REQUIREMENT:
The reply should contain all the data below, repeated exactly, and none of the images.

DATASET EXCERPT:

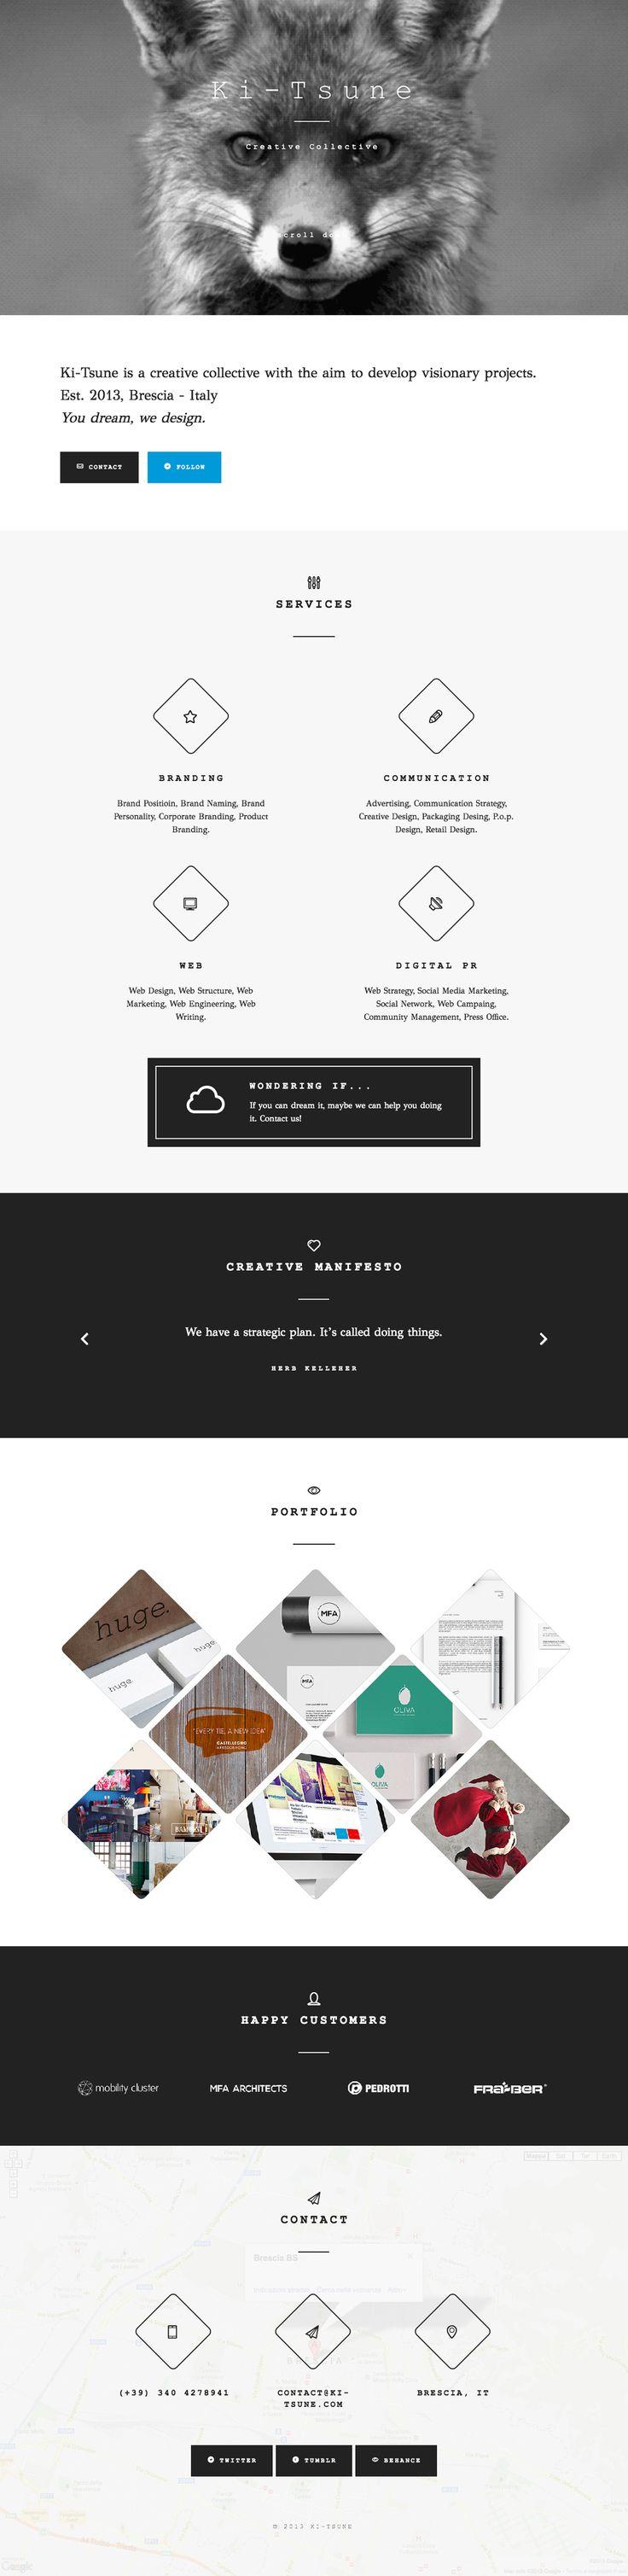 Responsive one page portfolio for digital agency 'Ki-Tsune' with a full screen GIF intro of a fox.
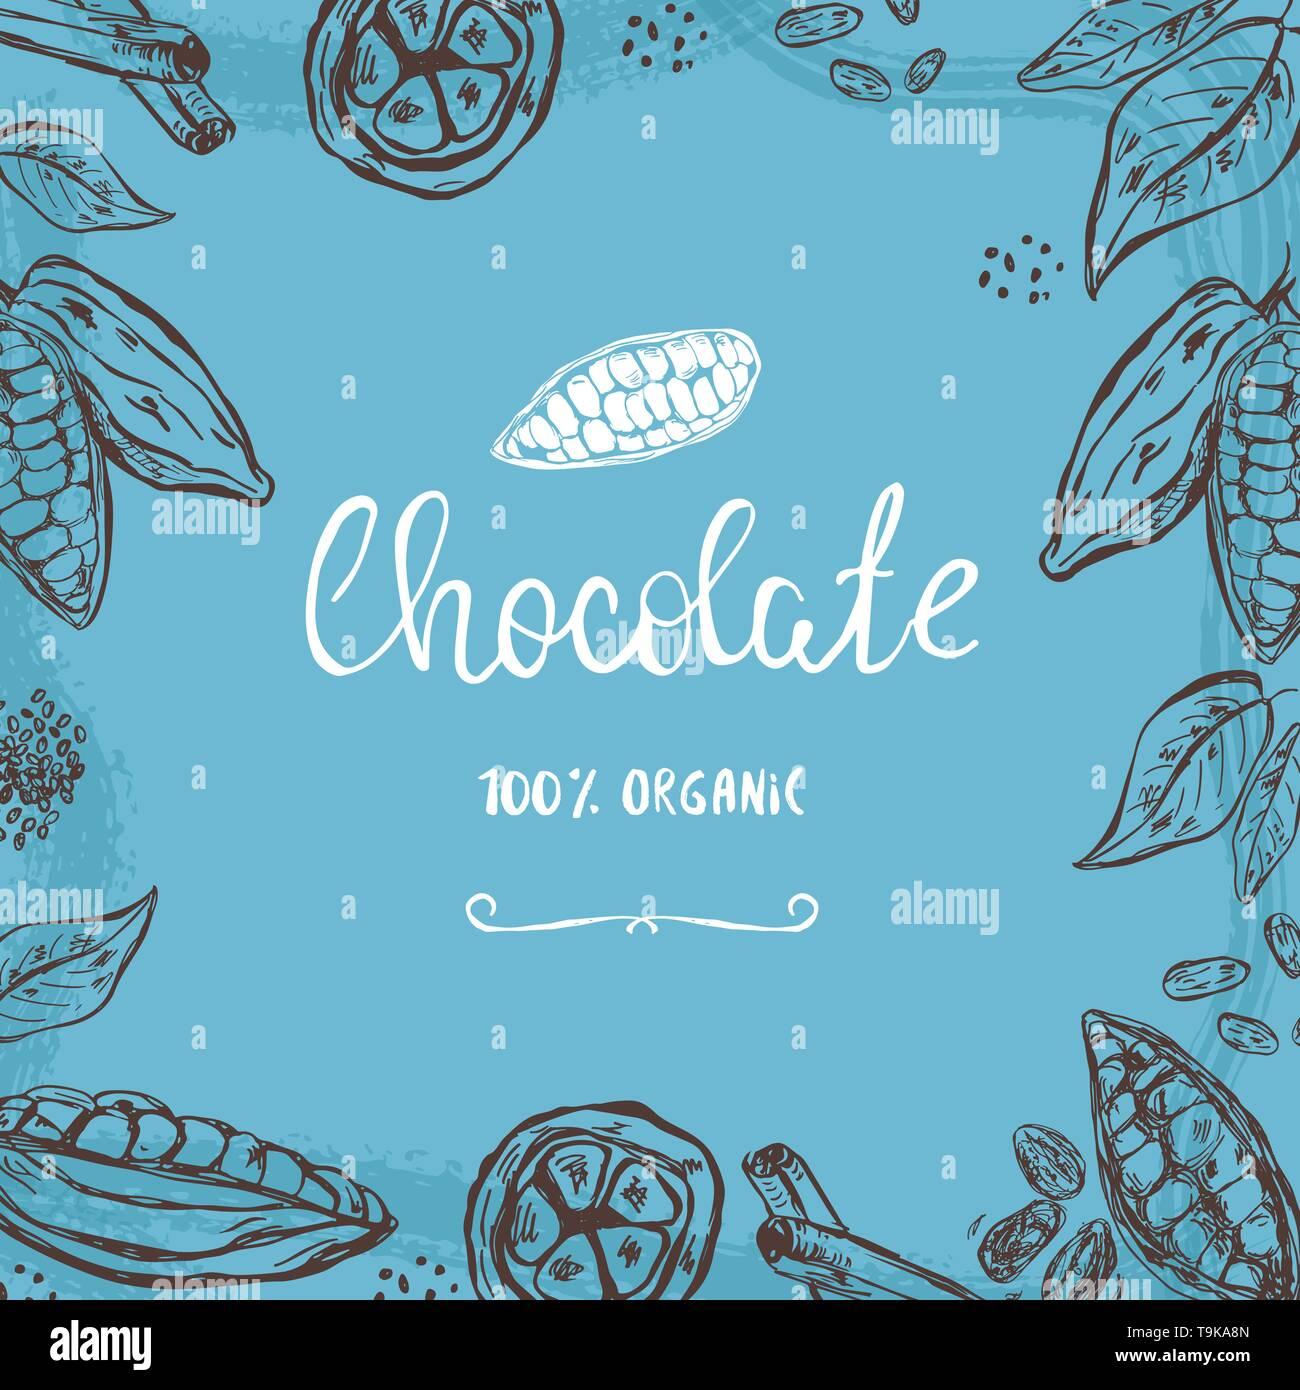 Cocoa Pod Illustration Stock Photos & Cocoa Pod
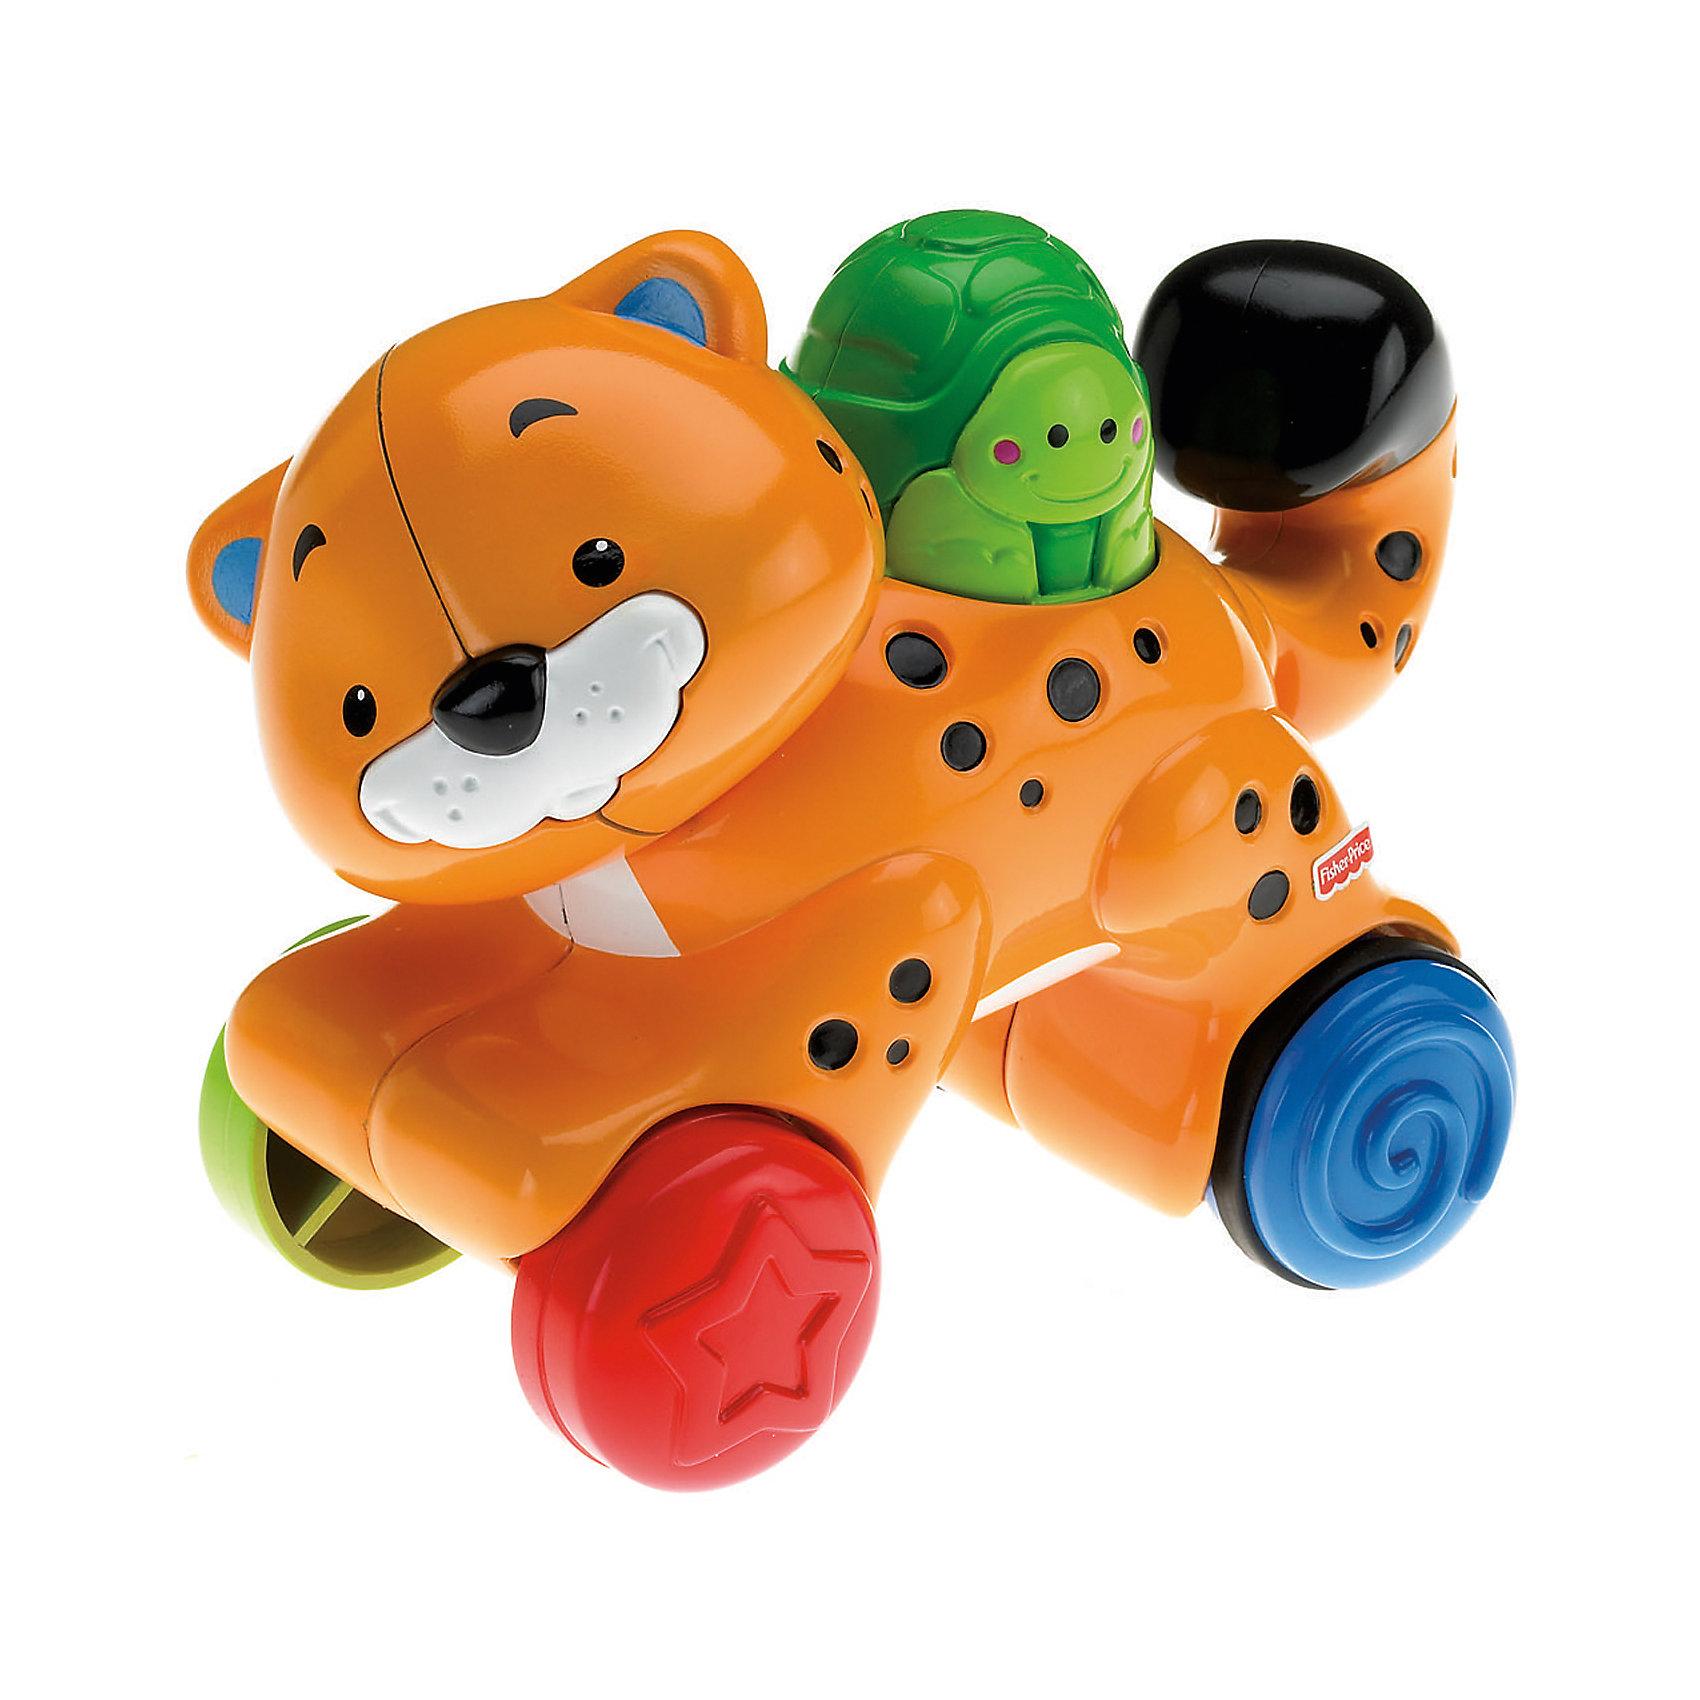 ������� ����������� ������� ��������, Fisher-Price (Mattel)

ANSWER AREA:
 Responsive one page portfolio for digital agency 'Ki-Tsune' with a full screen GIF intro of a fox.
 Cocoa Pod Illustration Stock Photos & Cocoa Pod
 ������� ����������� ������� ��������, Fisher-Price (Mattel)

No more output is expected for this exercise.